I don’t know what’s going through some people’s heads when they put certain things in the dryer. Someone in my building once put a pair of something in the dryer that was absolutely full of sand. I went to dry my clothes one day and they came out with sand all over - I had to shake everything out. Sand imbedded in the lint trap, at least a cup’s worth of sand in the bottom of the dryer. That dryer sounded like a giant maraca every time it started up for about a month. I was not happy.

When my brother and I lived together, I used to nag him all the time to clean the lint trap, and he would never do it. Finally one day he turned to me with great exasperation and said, “Julie, I don’t care if I have lint on my clothes!”
:eek:
Idiot!

[Hijack]My god, Lint is Clothes.[/Hijack] :wink:

Silly girl. No one put the sand in the dryer. But right now, someone’s missing sock is laying on a beach somewhere. Conservation of mass, dontcha know? :smiley:

I was going over to a coworker’s house one evening to play poker with the guys. I had an idea just before leaving, went over to the dryer and cleaned out the lint drawer. Then I stuffed it all inside my shirt right about my bellybutton.

About halfway through the game, I subtly made mention of the fact I’d been having trouble with belly button lint and pulled just a little bit out and placed it on the table. That raised an eyebrow or two. Then I started digging in my belleybutton in earnest and started pulling clumps out from between my shirt buttons.

Much beer enspewed.

I clean the trap and the door vent before I haul out the clean, dry clothes each time.

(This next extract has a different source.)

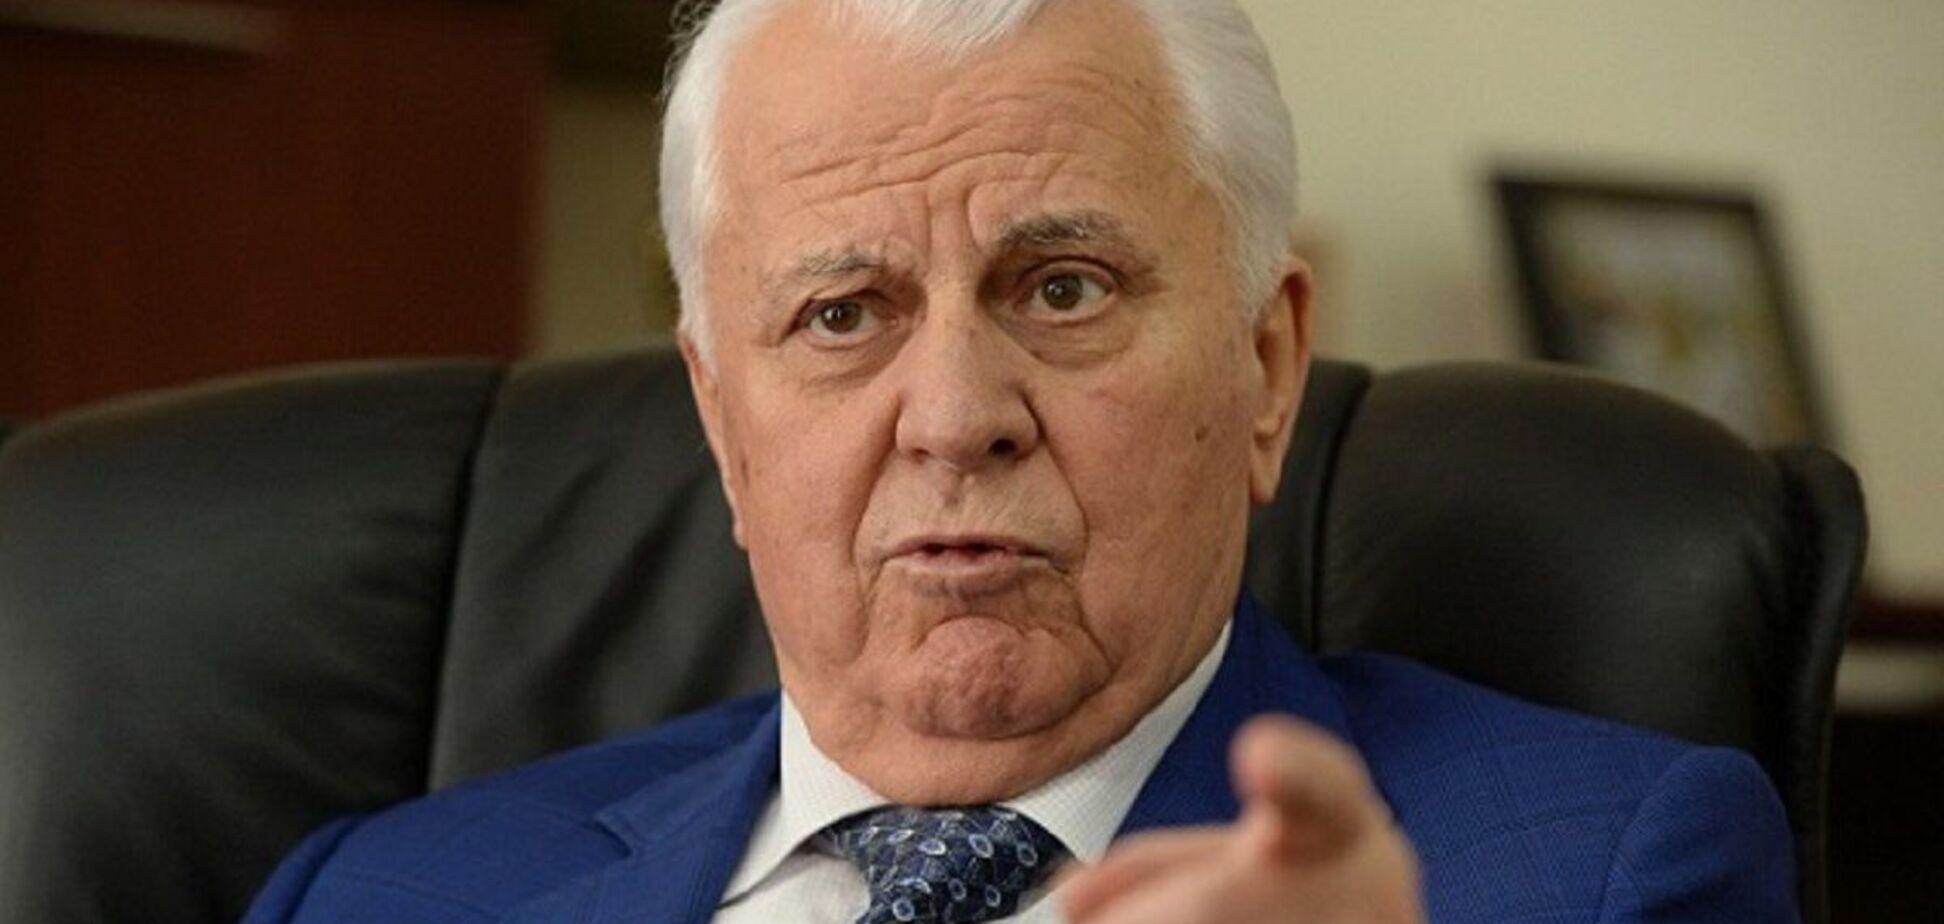 Кравчук: Тема Криму і Донбасу є сьогодні 'найболючішою'

And check before stuffing the wet clothes in. Apparently living in a cat-infested household leads to much more lint production. :smiley:

This is absolute truth. In my house, we’re getting to the point where the lint trap has about 45% clothes lint, 45% cat hair, and 10% wad of long red hairs (mine) clumped up together like a miniature auburn dreadlock. That’s how I know when it’s time to get a haircut - when my hair contributes more than a quarter of any load’s lint.

I should save them for a rasta wig. Recycle, you know?

You use dryer sheets? What for exactly? I’ve always thought they were just a useless product.

They really do reduce static significantly. I don’t know how much they soften.

I’m a before person. I developed that habit when I shared a house with someone who never cleaned the lint filter. I had to clean it before to make sure my clothes dried properly.

Before. I live alone and so there is no one to be annoyed with me if I don’t do it after.

Even better than dryer sheets is liquid fabric softener, which really does soften clothing significantly as well as reduce static, and I find my clothing ends up less wrinkled as well. And you don’t even have to pay attention to the rinse cycle to run in and put it in your machine, either; you can buy this $1.50 object called a “Downy ball” in the laundry aisle of your supermarket that you just put the fabric softener into, and it somehow magically knows to release it into the rinse cycle.

So I don’t end up with the residue on my lint trap that others have mentioned coming from dryer sheets – the liquid softener doesn’t seem to leave that residue.

We had to stop using liquid softener, because it clogs the drains. Badly. And it’s a real pain to clear the clogs. But I agree that it works much better than dryer sheets. (And you can tell whether the dryer load had the sheets or not, because of the amount of static in the laundry.)

Wow, I’ve been using the liquid for over ten years now with nary a drain plug. I’ve never heard of that one before. Maybe it’s just a peculiarity of your drainage system?